The multinational thug goes under the legal microscope for
human deaths and ecocide and Dr. Channa
Jayasumana and Farmer Saman provide a damning indictment of Glyphosate
Farmer Saman at the tribunal |
It is well known that Monsanto promotes an agroindustrial
model that contributes to at least a third of anthropogenic greenhouse gases.
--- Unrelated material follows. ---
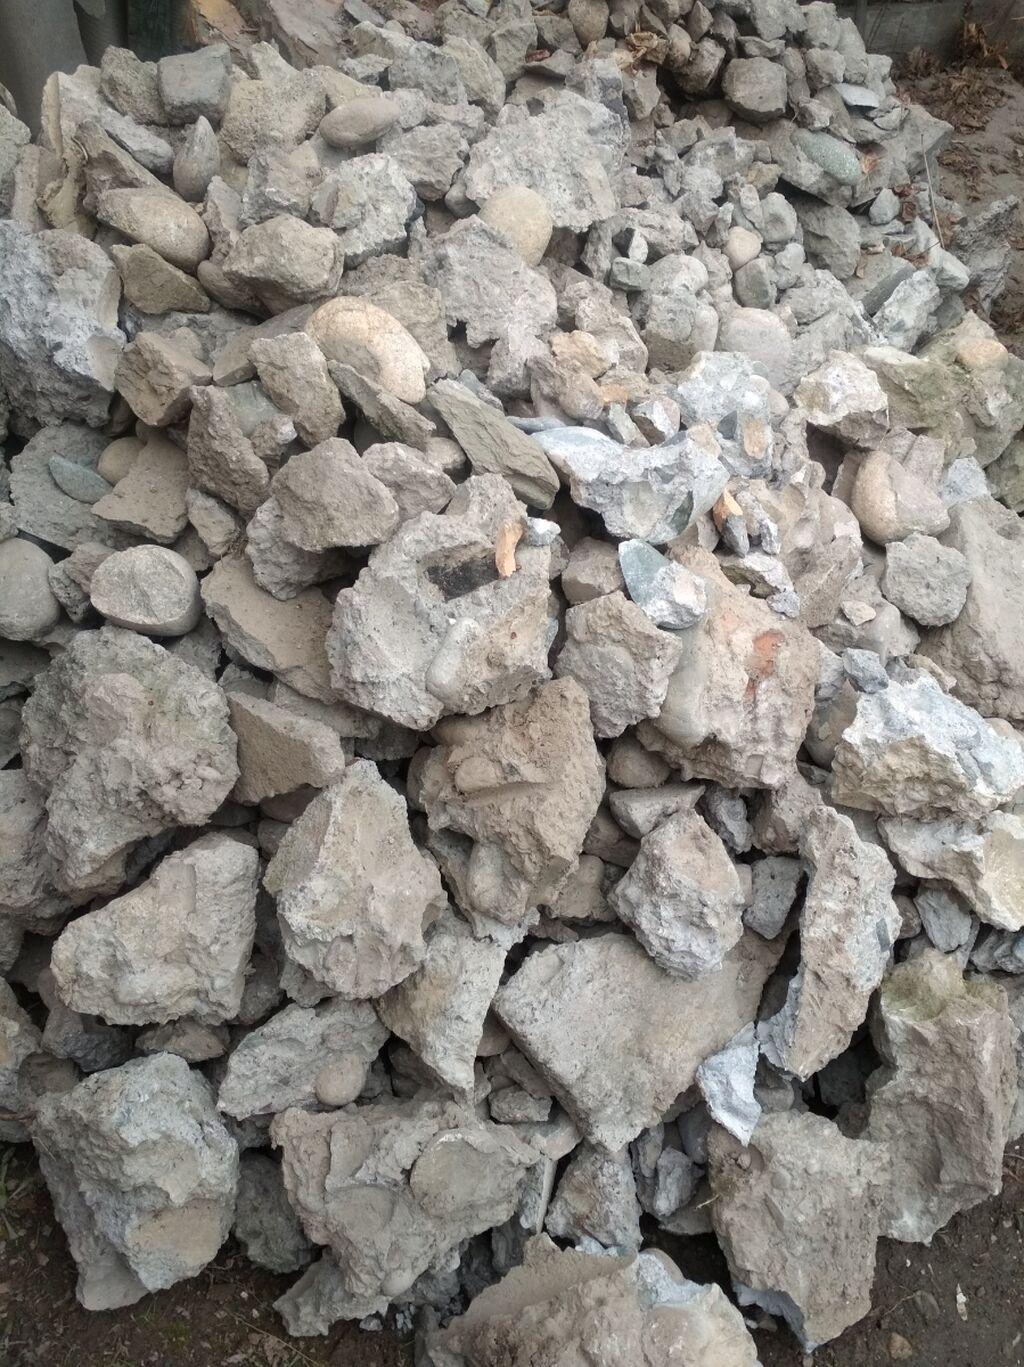 Отдам даром ломаный бетон в рабочем городке | Объявление создано 20 Март 2021 06:44:56: Отдам даром ломаный бетон в рабочем городке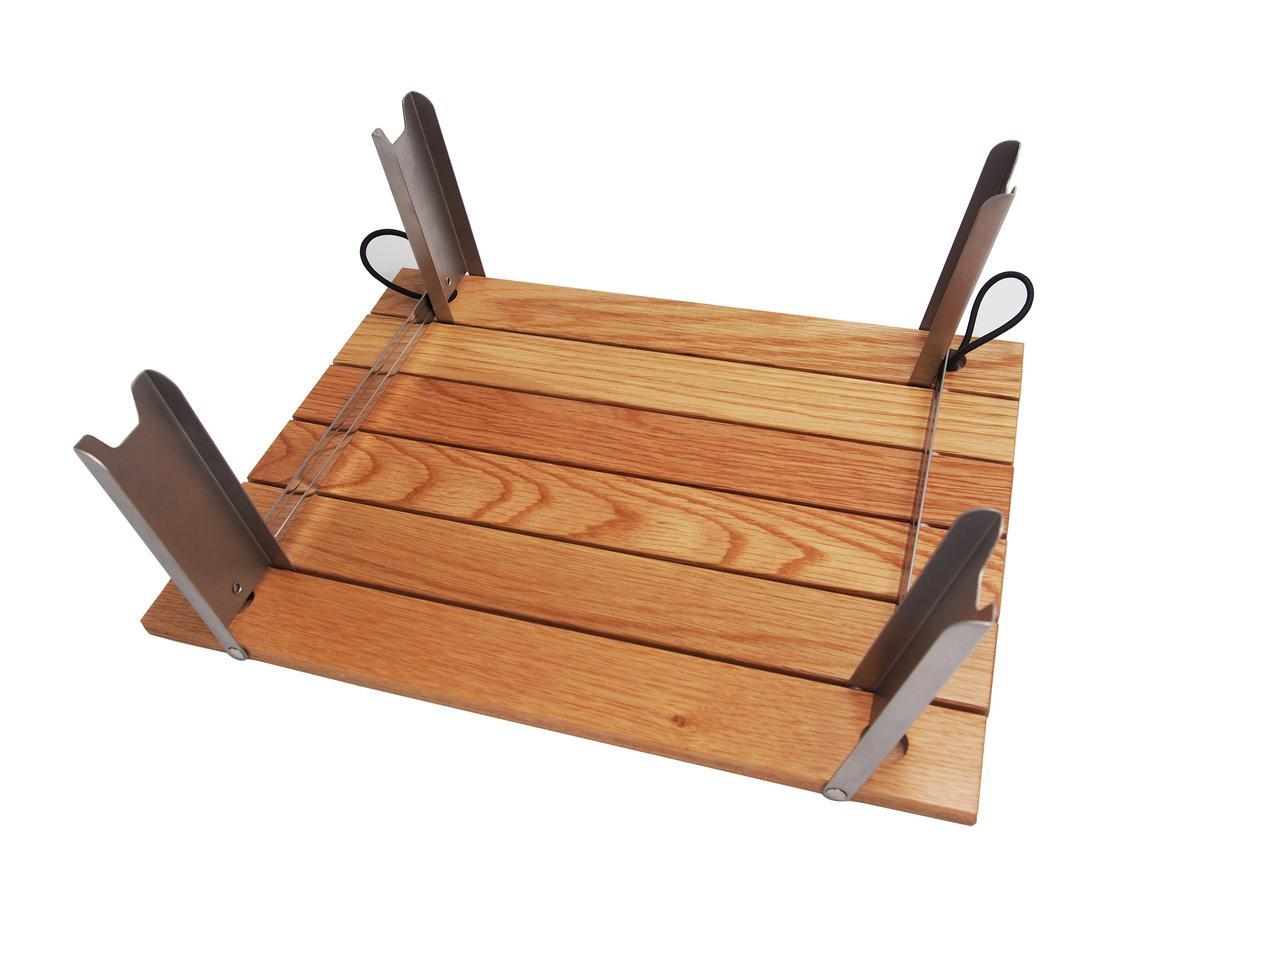 画像3: 【CAPTAIN STAG × 村の鍛冶屋】ライバルの共演!オリジナル木製ロールテーブルを9/17より限定500台発売

it is also largely responsible for the depletion of soil and water resources,
species extinction and declining biodiversity, and the displacement of millions
of small farmers worldwide.
Despite serious allegations against this multinational thug,
they have continued to engage in activities devastating to the earth, its
plants, its animals and its people through a systematic concealment strategy
through lobbying regulators and government authorities, lying, corruption,
commissioning bogus scientific studies, putting pressure on independent
scientists, and manipulating the press and in all of these, blithely, brutally
and unpardonably ignoring the damage to human beings and their social fabric in
every part of the world and their massive contribution to the destruction of
the stability of the global environment.
The world has had enough of this organization and its lies
and its corruption of science for its own profit and gain. As part of the
process to sweep them into the dustbin of one of the darkest chapters of human
history – that of corporate greed taking precedence over justice – the peoples of
the world gather today and tomorrow (16th and 17th
October 2016) at the Institution of Social Studies at The Hague, where 30
witnesses and experts from five continents give evidence against
Monsanto and its products in front of an internationally renowned panel of
judges.
The judges are Judge Dior Fall Sow of
Senegal who is a consultant to the International Criminal Court and a
former Advocate General at the International Criminal Tribunal for Rwanda, Judge Jorge Fernández who is from Souza, Mexico and who is currently Judge at the Court of Administrative
Litigation of Mexico City, Judge Eleonora Lamm of Argentina who is
the Human rights Director for the Supreme Court of Justice of Mendoza with a
doctorate in bioethics and law, Judge Steven Shrybman of
Canada who is a partner in the law firm of Goldblatt Partners LLP and
practices international trade and public interest law in Toronto and Ottawa and Judge Françoise Tulkens of Belgium, who has a Doctorate
in Law, a Master’s degree in Criminology and is a former judge in the European Court
of Human Rights.
The Panel of Judges at the Monsanto Tribunal at The Hague - Follow the proceedings at http://www.monsanto-tribunal.org/ |
Sri Lanka was represented by Farmer Kolonnage Saman and Dr. Channa Jayasumana. They were the third duo to give evidence before the Hague Tribunal.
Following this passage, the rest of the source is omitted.